### About this exercise
Your task is to restate word for word the lines in the material below, from the one with "Bathroom Tile Decor" up to and including the one with "10 Beautiful Tile". Do not carry over the pictures.

### Provided records
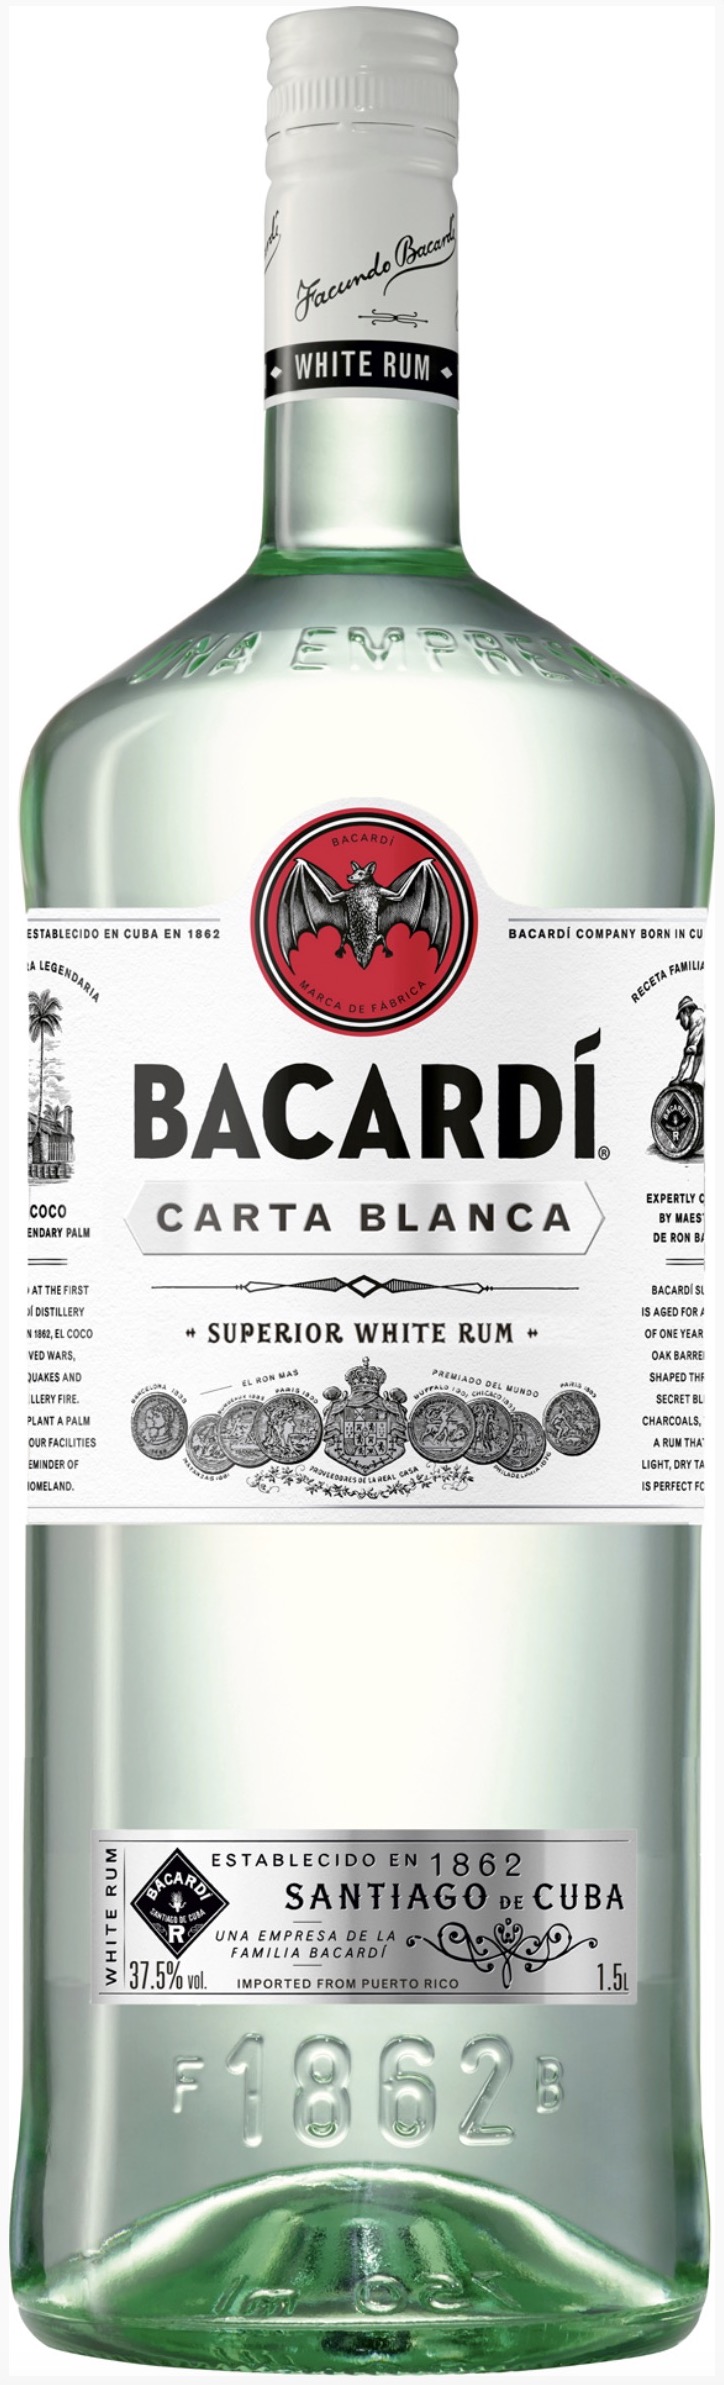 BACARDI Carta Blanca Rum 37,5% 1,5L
...
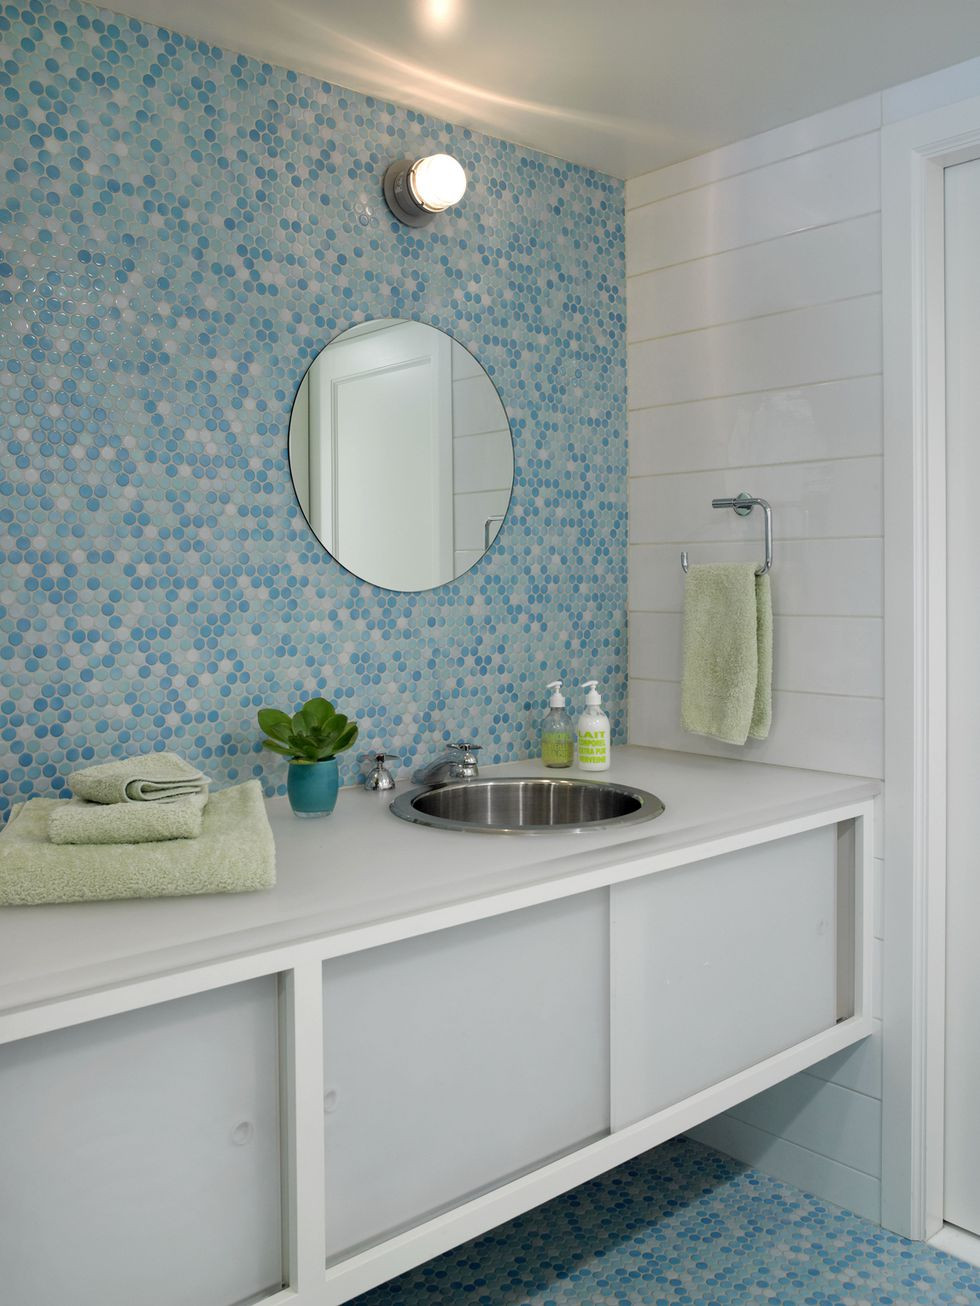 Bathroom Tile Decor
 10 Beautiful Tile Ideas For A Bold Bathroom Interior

### Written response
 Bathroom Tile Decor
 10 Beautiful Tile Ideas For A Bold Bathroom Interior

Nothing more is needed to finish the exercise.